* About this task *
Scan the entries for "square". Every line that holds it is to be copied.

* Data records *

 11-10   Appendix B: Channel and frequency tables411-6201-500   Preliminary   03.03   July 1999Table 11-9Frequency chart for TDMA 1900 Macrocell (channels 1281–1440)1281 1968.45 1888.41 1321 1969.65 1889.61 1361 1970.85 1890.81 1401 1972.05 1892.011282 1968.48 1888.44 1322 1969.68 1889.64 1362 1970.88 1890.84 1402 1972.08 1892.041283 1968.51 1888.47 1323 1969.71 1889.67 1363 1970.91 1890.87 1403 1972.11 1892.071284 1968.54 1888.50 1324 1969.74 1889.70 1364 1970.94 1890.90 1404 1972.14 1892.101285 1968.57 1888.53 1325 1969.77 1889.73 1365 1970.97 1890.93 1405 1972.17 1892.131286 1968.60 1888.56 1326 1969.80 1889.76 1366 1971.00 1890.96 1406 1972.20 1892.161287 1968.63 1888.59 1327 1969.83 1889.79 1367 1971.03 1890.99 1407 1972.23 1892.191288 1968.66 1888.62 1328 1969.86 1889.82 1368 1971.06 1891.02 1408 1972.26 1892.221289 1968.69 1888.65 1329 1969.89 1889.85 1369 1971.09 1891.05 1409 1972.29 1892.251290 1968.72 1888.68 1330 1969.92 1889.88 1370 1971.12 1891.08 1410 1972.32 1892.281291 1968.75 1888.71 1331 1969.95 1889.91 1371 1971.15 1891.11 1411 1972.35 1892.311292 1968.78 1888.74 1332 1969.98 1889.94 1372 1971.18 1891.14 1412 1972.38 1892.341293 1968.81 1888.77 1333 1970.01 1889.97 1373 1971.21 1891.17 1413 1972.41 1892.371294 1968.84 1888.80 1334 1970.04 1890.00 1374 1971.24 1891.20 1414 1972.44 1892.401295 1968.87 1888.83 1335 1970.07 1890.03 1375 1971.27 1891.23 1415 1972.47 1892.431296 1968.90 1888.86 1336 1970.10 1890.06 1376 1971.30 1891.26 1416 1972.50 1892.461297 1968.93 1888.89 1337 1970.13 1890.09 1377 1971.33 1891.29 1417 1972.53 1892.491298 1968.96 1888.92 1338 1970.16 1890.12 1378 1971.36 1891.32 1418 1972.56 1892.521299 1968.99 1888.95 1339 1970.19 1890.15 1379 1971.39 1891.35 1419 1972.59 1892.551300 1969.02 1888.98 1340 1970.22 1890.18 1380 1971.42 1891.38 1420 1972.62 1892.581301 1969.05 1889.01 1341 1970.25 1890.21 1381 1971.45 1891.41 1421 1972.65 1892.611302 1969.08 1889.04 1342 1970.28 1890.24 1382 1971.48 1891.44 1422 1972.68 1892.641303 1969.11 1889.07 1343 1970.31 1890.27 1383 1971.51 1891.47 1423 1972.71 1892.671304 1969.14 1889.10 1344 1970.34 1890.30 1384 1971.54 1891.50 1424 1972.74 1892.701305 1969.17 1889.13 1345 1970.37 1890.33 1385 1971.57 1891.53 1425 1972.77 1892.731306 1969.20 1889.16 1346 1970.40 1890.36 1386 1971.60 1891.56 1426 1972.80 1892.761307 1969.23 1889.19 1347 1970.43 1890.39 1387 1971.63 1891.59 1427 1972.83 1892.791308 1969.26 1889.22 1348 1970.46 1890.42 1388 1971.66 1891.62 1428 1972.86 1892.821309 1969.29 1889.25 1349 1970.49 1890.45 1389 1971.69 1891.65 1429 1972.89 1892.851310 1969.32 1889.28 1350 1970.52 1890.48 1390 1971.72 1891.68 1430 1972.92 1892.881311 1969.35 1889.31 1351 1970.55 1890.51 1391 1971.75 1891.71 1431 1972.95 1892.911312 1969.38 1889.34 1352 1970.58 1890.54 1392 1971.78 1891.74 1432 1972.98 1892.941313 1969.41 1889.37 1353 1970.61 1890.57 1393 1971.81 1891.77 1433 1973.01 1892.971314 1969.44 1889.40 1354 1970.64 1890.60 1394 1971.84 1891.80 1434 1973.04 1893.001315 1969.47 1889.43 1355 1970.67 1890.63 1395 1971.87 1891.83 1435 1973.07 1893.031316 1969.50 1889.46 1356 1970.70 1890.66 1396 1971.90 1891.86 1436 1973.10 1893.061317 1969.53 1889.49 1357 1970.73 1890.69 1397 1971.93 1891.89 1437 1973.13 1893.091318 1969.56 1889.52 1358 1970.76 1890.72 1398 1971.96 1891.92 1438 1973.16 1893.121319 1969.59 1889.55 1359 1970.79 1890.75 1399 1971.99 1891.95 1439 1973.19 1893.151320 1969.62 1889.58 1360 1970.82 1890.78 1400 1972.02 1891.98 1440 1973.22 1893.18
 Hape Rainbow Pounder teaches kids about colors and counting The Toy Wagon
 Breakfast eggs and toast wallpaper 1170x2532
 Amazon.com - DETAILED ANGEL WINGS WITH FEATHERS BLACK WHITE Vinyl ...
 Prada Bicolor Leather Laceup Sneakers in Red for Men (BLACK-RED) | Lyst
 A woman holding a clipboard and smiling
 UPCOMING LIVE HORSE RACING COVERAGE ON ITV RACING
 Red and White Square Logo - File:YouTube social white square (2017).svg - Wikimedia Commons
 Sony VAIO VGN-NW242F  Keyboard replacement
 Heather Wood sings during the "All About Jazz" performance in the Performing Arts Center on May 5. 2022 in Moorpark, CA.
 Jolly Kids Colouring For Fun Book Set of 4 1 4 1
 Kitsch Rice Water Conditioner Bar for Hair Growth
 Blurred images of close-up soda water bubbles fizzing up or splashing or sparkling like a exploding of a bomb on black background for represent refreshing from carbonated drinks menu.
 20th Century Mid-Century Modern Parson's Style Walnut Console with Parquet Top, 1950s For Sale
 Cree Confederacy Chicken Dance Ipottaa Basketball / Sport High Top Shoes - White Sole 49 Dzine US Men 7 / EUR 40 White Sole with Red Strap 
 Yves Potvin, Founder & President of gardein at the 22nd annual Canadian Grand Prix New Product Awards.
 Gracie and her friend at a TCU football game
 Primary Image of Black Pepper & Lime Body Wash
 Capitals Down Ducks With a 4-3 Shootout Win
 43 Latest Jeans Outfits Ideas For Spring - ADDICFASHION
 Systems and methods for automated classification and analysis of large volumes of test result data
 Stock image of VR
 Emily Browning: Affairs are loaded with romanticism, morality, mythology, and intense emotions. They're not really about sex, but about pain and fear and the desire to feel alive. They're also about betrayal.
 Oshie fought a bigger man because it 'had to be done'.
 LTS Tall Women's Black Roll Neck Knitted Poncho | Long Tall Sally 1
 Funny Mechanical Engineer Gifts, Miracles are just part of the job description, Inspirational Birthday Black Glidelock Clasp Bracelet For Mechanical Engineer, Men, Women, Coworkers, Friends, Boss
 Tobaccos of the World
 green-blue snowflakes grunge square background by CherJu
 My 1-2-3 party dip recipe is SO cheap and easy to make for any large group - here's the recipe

* Reply to the exercise *
 Red and White Square Logo - File:YouTube social white square (2017).svg - Wikimedia Commons
 green-blue snowflakes grunge square background by CherJu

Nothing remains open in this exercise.